Nesse texto será defendido que uma nova onda se iniciou, com enfoque na América Latina, no que tange a descriminalização do aborto, afinal, apenas no último ano três países flexibilizaram a legislação acerca da interrupção voluntária da gravidez; são eles: México, Argentina e Chile. Ademais, países como Uruguai, Peru, Equador e Colômbia têm leis que já possuíam poucas restrições sobre a matéria, sendo Uruguai, inclusive, o único que não possui restrição alguma.
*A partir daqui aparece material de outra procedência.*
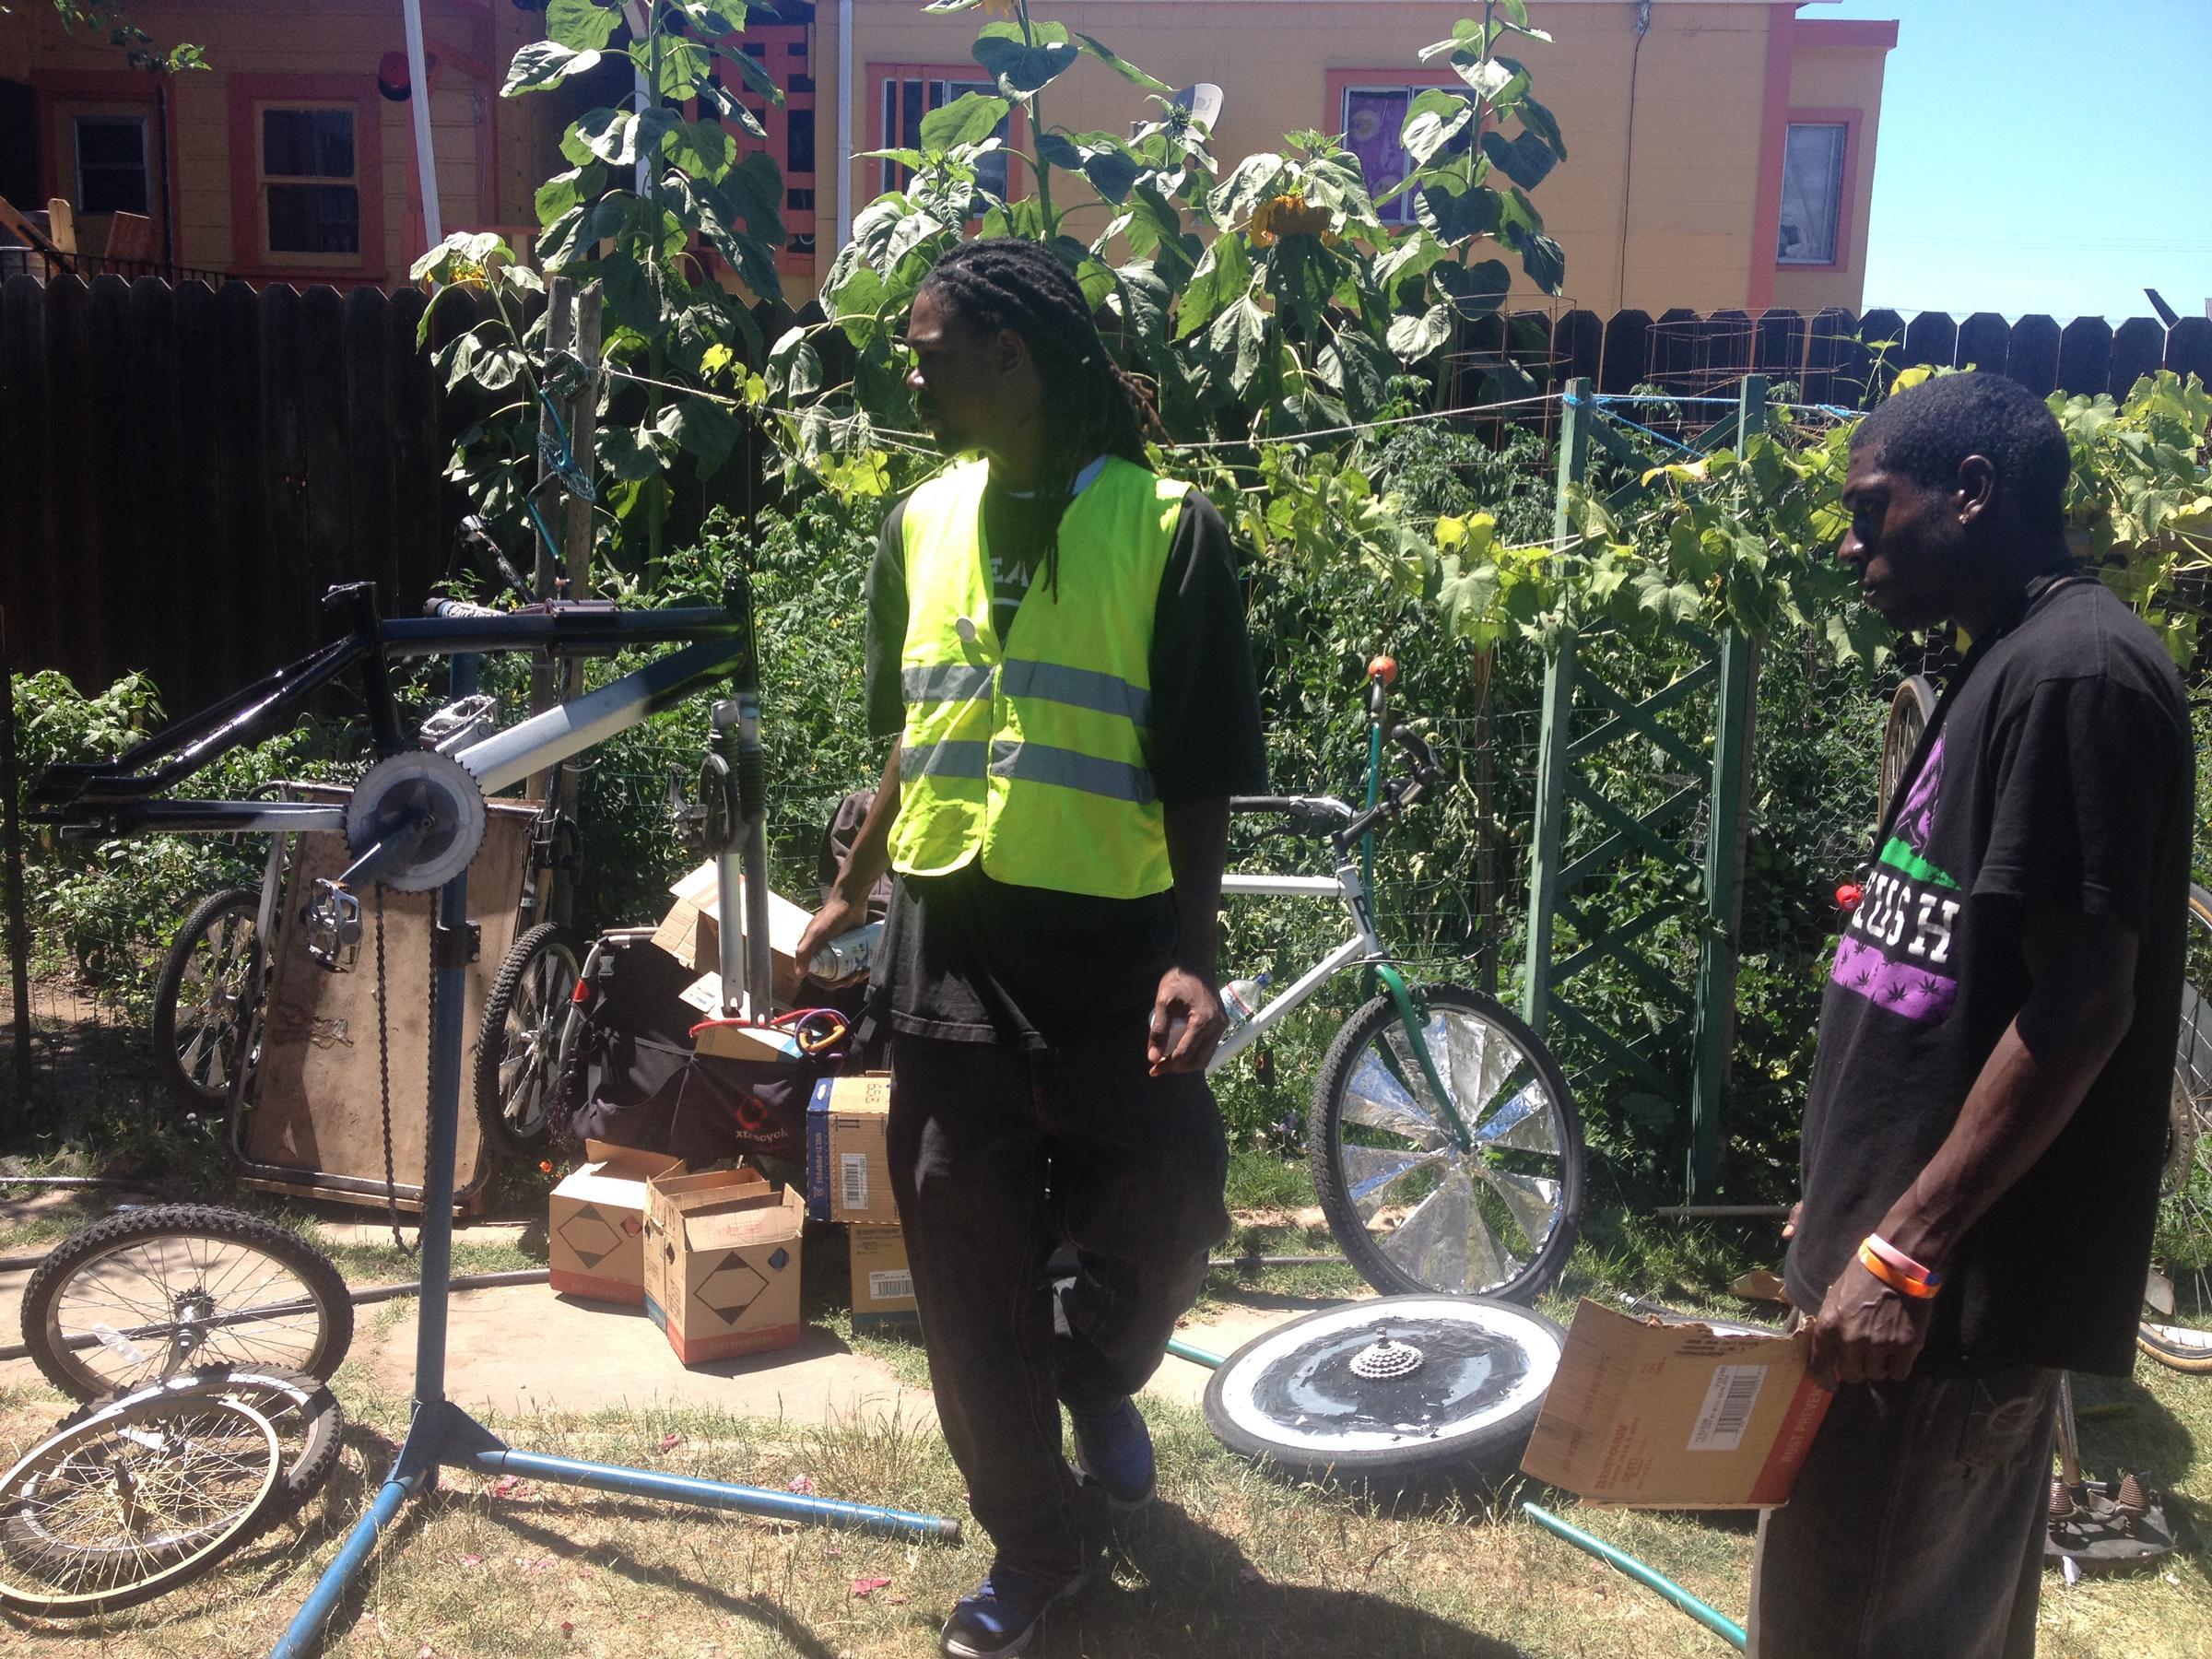 east oakland u0027s scraper bike team takes over the streets

Antes de entrar mais a fundo na questão no âmbito brasileiro, faz-se necessário entender uma tensão muito pertinente quando se trata do Direito Comparado: a tensão entre universalistas e particularistas (HIRSCHL, 2014). Os primeiros dão uma importância maior para leis transnacionais — de caráter universal, um exemplo disso são os direitos humanos -, contudo, podem acabar por desconsiderar aspectos culturais e sociais do país em análise. Os segundos, particularistas ou culturalistas, destacam o “habitus cultural” de cada nação analisada — a própria mentalidade jurídica -, entretanto, podem cair no vício de relevar em excesso o sentimento de soberania das tradições de cada país.
Assim, de acordo com o supracitado, tentar-se-á evitar esses vícios de análise atendo-se o mais próximo possível da realidade brasileira, mas sem deixar de observar valores transnacionais. Ressalta-se ainda que o intuito não é estabelecer uma posição sobre o que seria certo ou errado, ou questões que esse tema costuma suscitar (quando se origina a vida?), mas trazer alguns fatos que levam a entender que o Brasil pode demorar a descriminalizar o aborto.
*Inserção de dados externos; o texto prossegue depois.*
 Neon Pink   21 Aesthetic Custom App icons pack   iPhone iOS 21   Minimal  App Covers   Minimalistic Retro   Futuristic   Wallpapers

No Brasil, apenas em três situações a lei permite que haja a interrupção da gravidez sem penalização, são elas: em caso de risco da saúde da mãe, em caso de feto anencefálico e estupro. O último motivo seria o que mais desperta ânimo no povo brasileiro, afinal, ainda no ano passado (2020), uma criança de 10 anos, molestada pelo tio, teve o hospital onde faria o aborto cercado por pessoas que se diziam conservadores e cristãos. Ou seja, mesmo com a possibilidade de abortar em caso de estupro garantida em 1940, pelo Código Penal, parte da população barulhenta discorda veementemente.
Certo, foram levantadas duas características da maior parte dos brasileiros, ou pelo menos duas origens do que levam a estes agirem como contra a legalização do aborto. A primeira é o passado cristão com raízes desde o período de colonização que se torna bem evidente quando comparamos com o nosso vizinho ao Sul, o Uruguai (com legalização do aborto desde início da década passada), que não tem latente uma base cristã tão forte como a brasileira.
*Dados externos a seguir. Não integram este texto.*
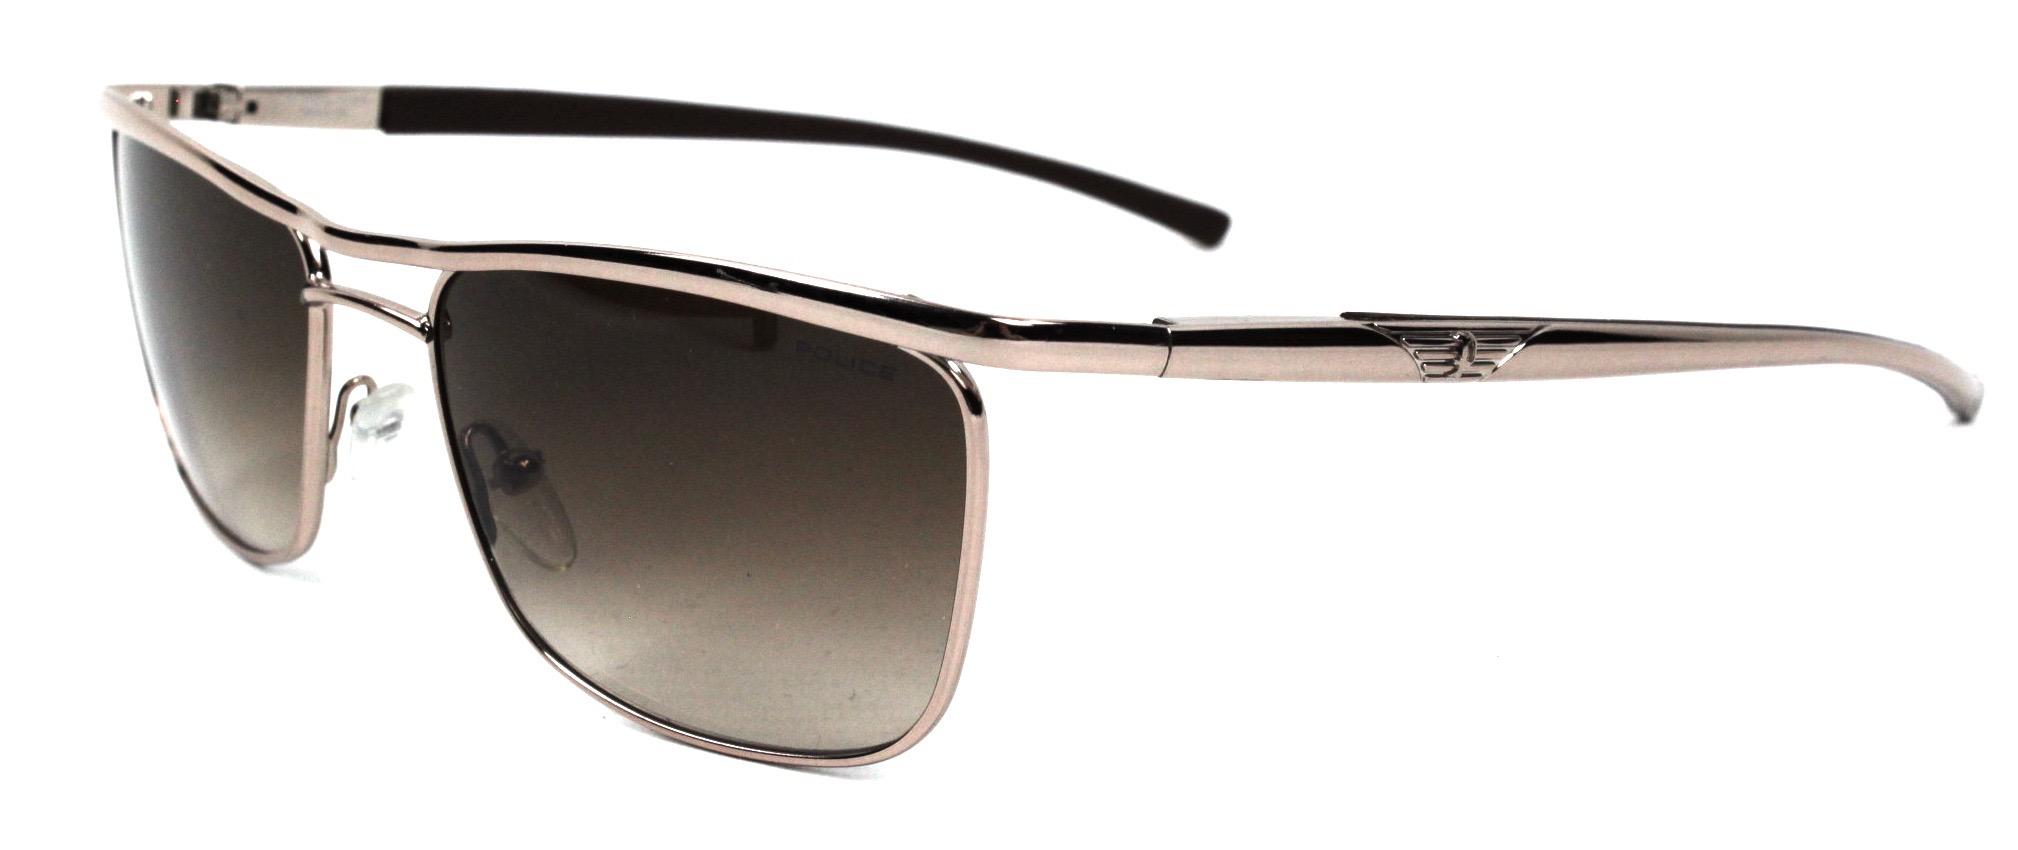 50330aacc42 Replica Police Sunglasses Uk

O segundo ponto é o conservadorismo, não o conservadorismo inglês de Burke, mas um conservadorismo próprio partilhado desde as camadas mais paupérrimas da sociedade e se atrela bastante à base cristã. Novamente usando o Uruguai como exemplo, pela proximidade, passado entrelaçado e recente ditadura militar, a base conservadora é consideravelmente menor.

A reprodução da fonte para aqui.